X

Beliebte Themen

Silvia Aeschbach

Multitasking für Fortgeschrittene

27. Mai 2019

Auf einige meiner Fähigkeiten bin ich zugegeben ein bisschen stolz. Zum Beispiel darauf, wie ich mehrere Dinge parallel erledigen kann. Ich kann am Telefon eine Freundin mit Liebeskummer trösten. Dazwischen mit einem Auge eine Serie auf Netflix verfolgen und dazu meinen Lieblingsquark löffeln. Dieses Multitasking beherrschen bekanntlich vor allem Frauen. Ich bezweifle allerdings, dass es sich dabei um ein natürliches Talent handelt, ich glaube eher, dass es aus der Not geboren wurde, weil wir für so viele Dinge Verantwortung tragen müssen oder wollen. Und, wenn man einmal über 50 ist, hat man keine Zeit mehr zu verlieren.

Doch kürzlich passierte etwas, das dazu führte, meine «Fähigkeiten» kritisch zu überdenken. Ich sass mit meiner Schwester Jeannette in einem Café. Gemeinsam schmiedeten wir Pläne für eine Familienfeier. In kurzen Gesprächspausen warf ich immer wieder einen Blick auf mein Handy, das neben mir auf dem Tisch lag. Ich erwartete keine Nachricht, aber bekanntlich hat man immer das Gefühl, dass man etwas verpasst. Vor mir auf dem Teller lag ein warmer, duftender Schinkengipfel. Und da ich vor Hunger fast umkam, murmelte ich: «Darf ich?», und biss hinein, obwohl Jeannette noch auf ihr Essen wartete. Ich war der Überzeugung, voll auf unser Gespräch konzentriert zu sein, schliesslich hörte ich ihr ja zu. Also, wenn ich nicht gerade das Handy checkte oder einer ehemaligen Schulkollegin zuwinkte, die ich in einer Ecke des Cafés entdeckt hatte.

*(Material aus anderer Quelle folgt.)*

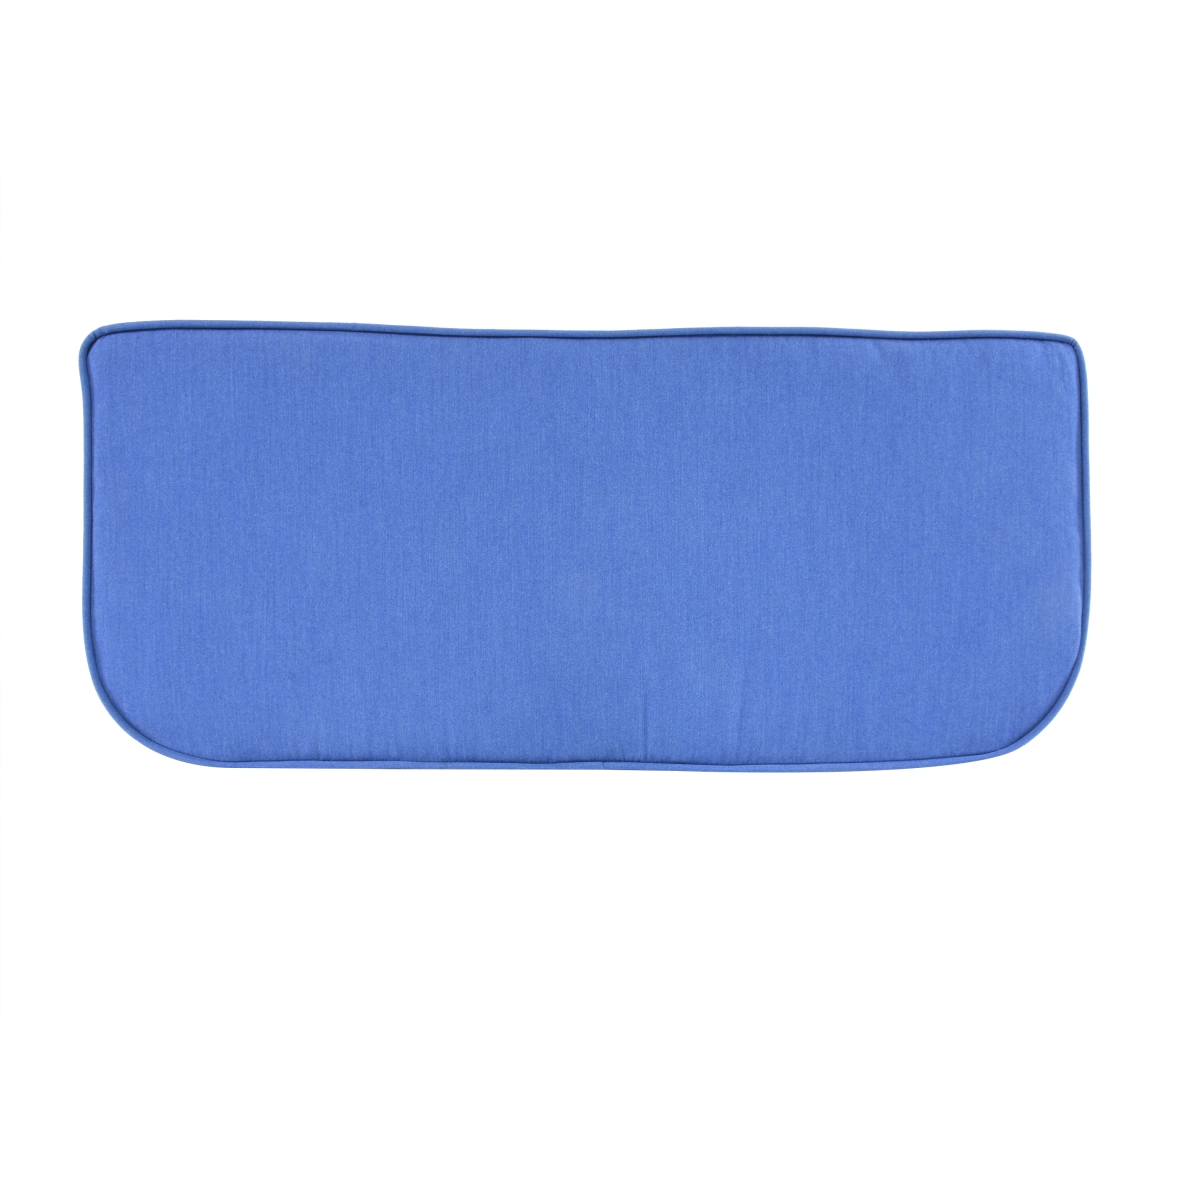 Cuws41-sda93 18 X 41.5 In. Pacifica Premium Double Welt Settee Seat Cushion In Lapis

Plötzlich sagte Jeannette in ungewohnt scharfem Ton: «Findest du es anständig, dass du dich gleichzeitig so vielen Dingen widmest, während ich dir vis-à-vis sitze?» Zuerst bemerkte ich den offensichtlichen Ernst der Lage nicht und scherzte leichthin: «Ich bin halt Multitaskerin. Aber ich verstehe, dass du nicht mithalten kannst, schliesslich bist du ja bereits zweifache Grossmutter.» Ich wartete einen Moment auf eine typisch schwesterlich-schnippische Antwort, aber Jeannette schaute mich nur an und sagte ruhig: «Dann viel Spass dabei», stand auf und verliess das Lokal, ohne einen Blick zurückzuwerfen.

Für einen Moment fühlte ich mich wieder wie die Achtjährige, die von ihrer 16-jährigen Schwester gescholten wird. Ohne lange zu überlegen, sprang ich auf. Es war mir egal, dass ich dabei ein Wasserglas umstiess und meine Handtasche zurückliess. Ich wollte nur meiner Schwester hinterhereilen und mich für mein Verhalten entschuldigen. Draussen schaute ich nach links und rechts, keine Jeannette. Da legte sich plötzlich eine Hand auf meine Schulter. Als ich mich umdrehte, stand sie vor mir und grinste frech: «Das hast du verdient. Anders hättest du nicht gemerkt, dass du mit deinen zahlreichen Aktivitäten etwas runterfahren solltest.»

Ich wusste nicht, ob ich sauer oder froh reagieren sollte. Ich beschloss, ihr zu verzeihen. Als wir wenig später wieder im Café bei einem Erdbeertörtchen zusammensassen, gab ich ihr insgeheim recht. Was ich natürlich nie zugegeben hätte. Aber ich beschloss, mich künftig nicht mehr mit drei oder vier Dingen gleichzeitig zu beschäftigten, sondern, mich mit zwei oder drei zu begnügen. Jedenfalls, wenn meine Schwester in der Nähe ist.